> [TASK STATEMENT]: In the entries below, which lines run from the one with "CM - Stylish Fashion Magazine 45485" through the one with "textura de tela"? Repeat exactly those, both included, and no pictures.

> [EXERCISE DATA]:

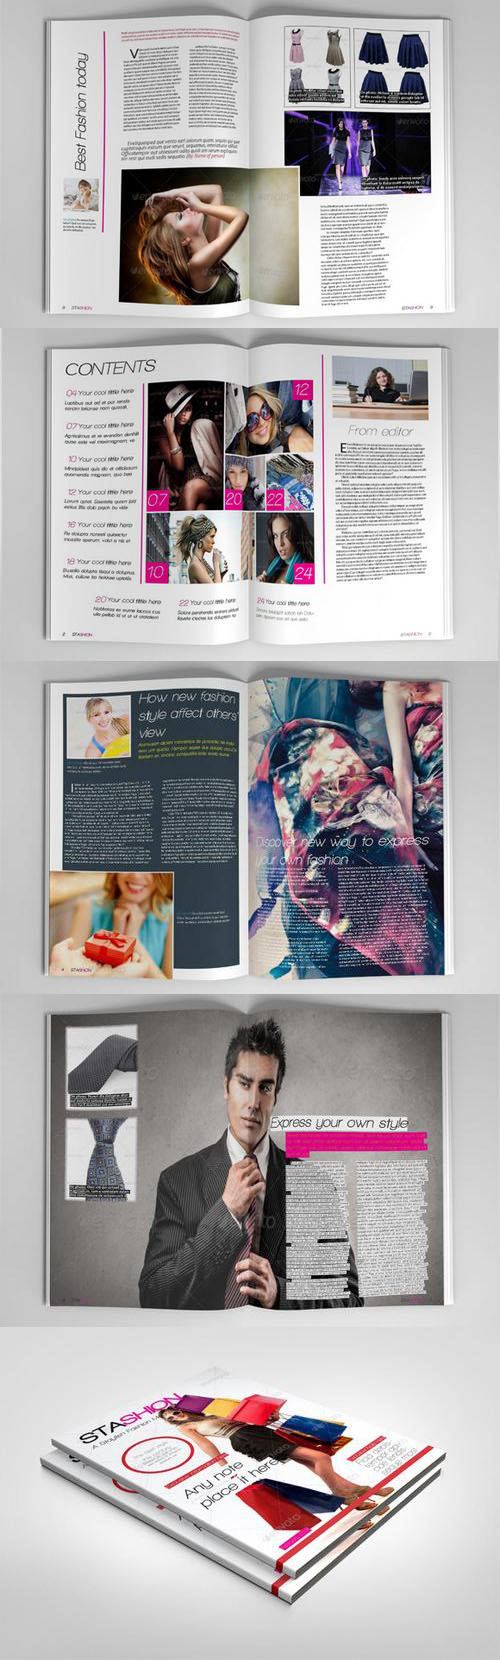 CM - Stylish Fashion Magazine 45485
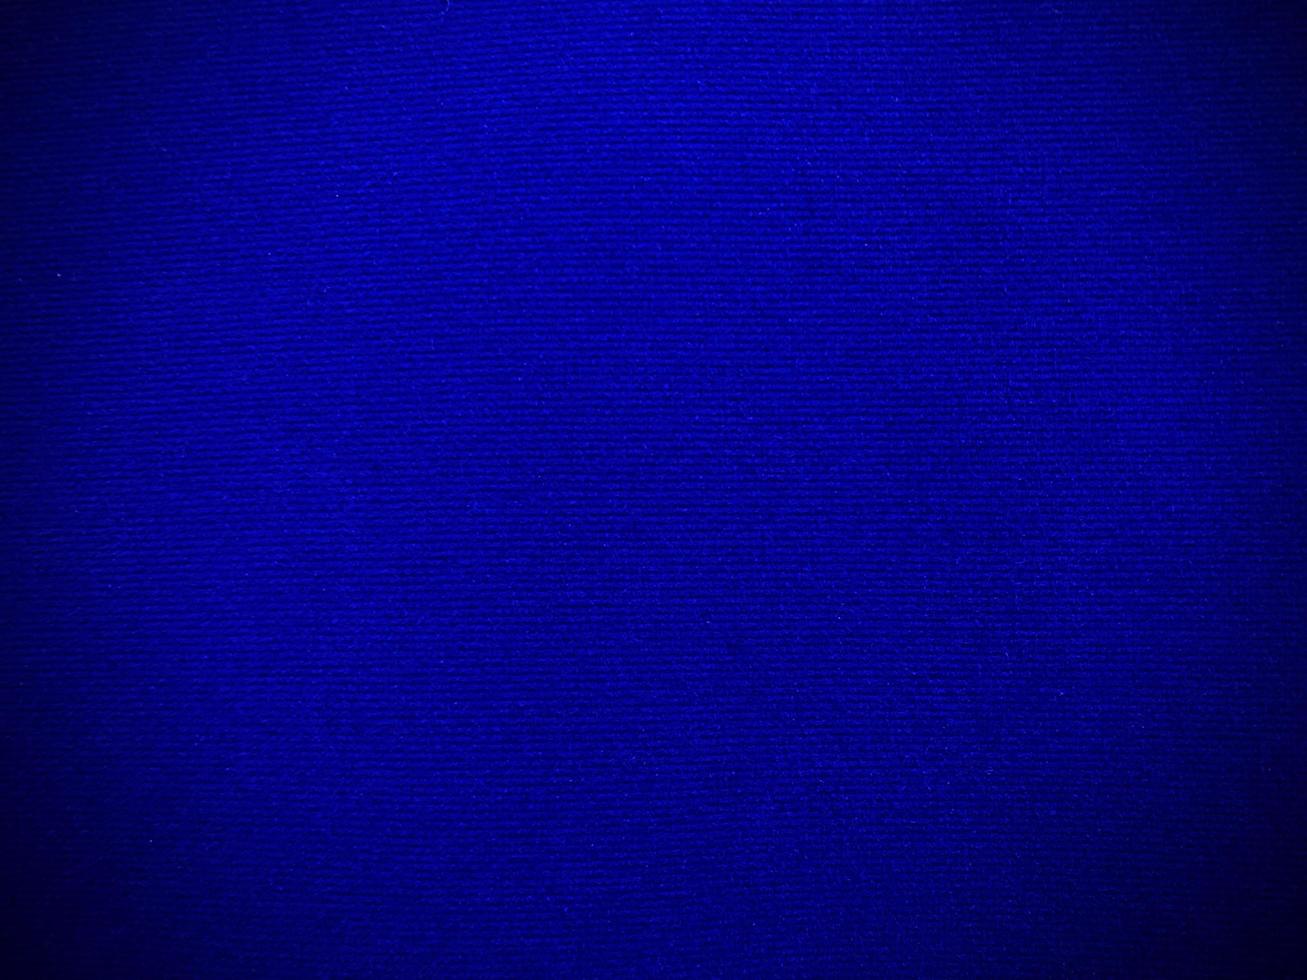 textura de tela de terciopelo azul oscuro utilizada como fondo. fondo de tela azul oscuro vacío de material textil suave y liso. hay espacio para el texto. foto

---

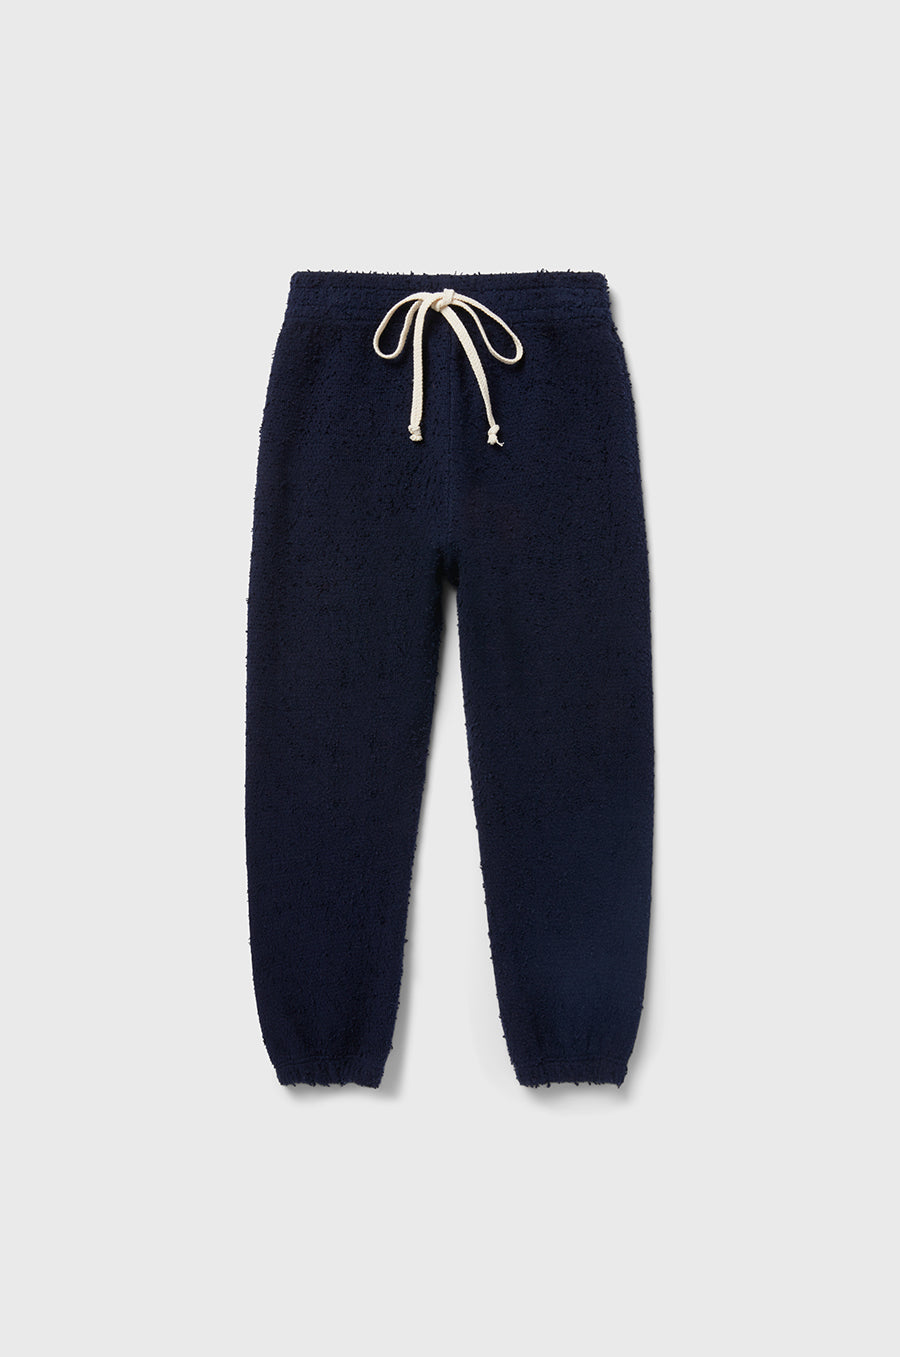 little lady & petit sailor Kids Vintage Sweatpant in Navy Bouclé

...

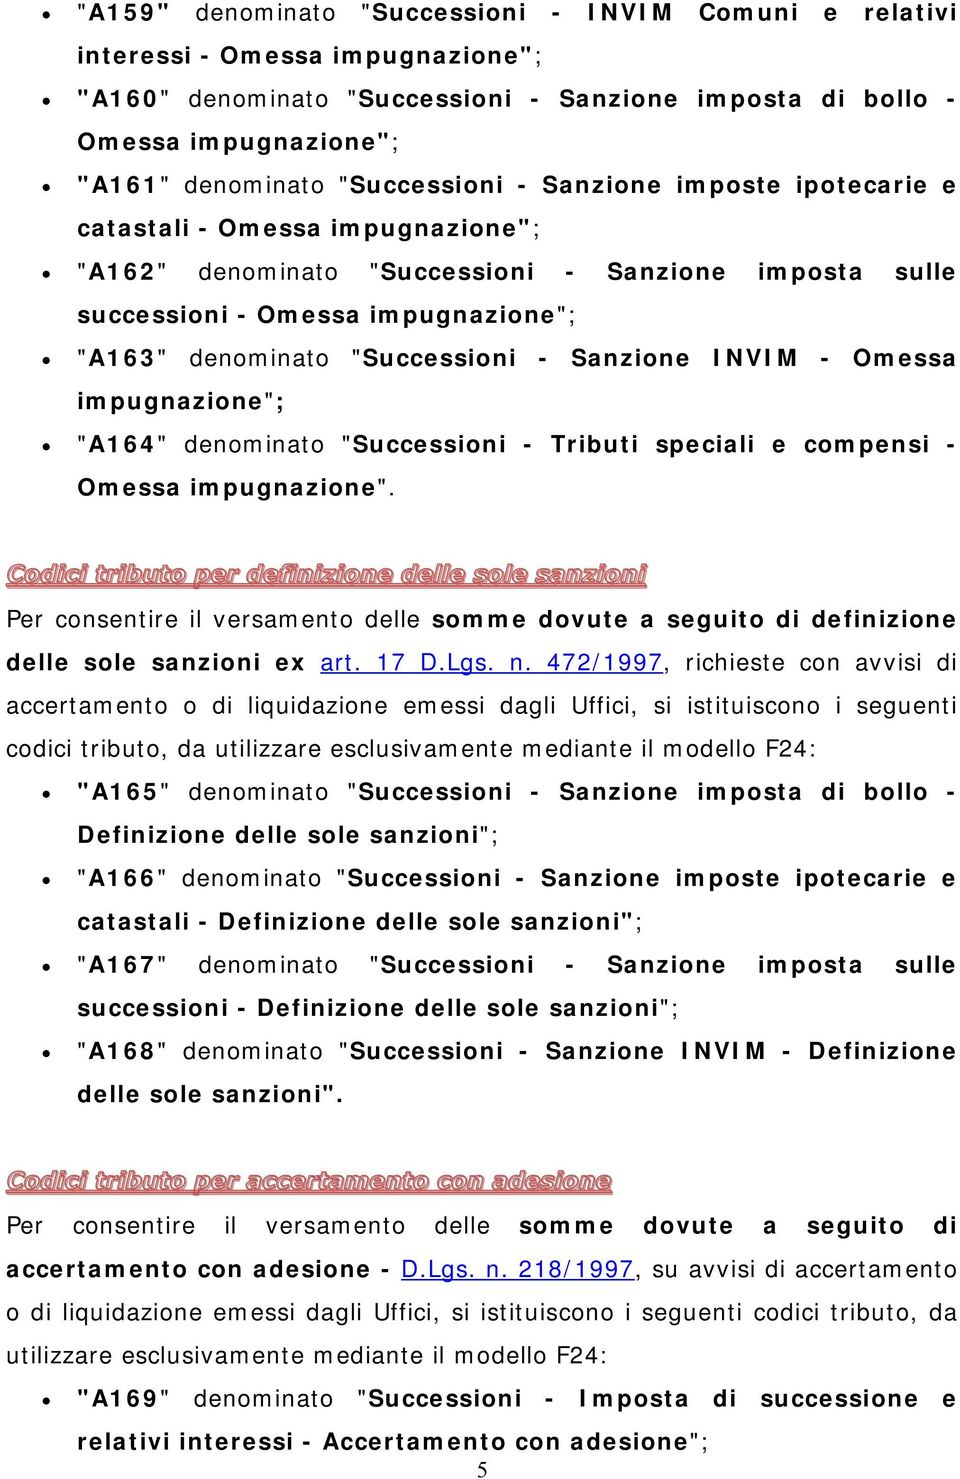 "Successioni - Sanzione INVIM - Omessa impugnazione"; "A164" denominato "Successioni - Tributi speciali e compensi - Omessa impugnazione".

> [TASK RESULT]:
 CM - Stylish Fashion Magazine 45485
 textura de tela de terciopelo azul oscuro utilizada como fondo. fondo de tela azul oscuro vacío de material textil suave y liso. hay espacio para el texto. foto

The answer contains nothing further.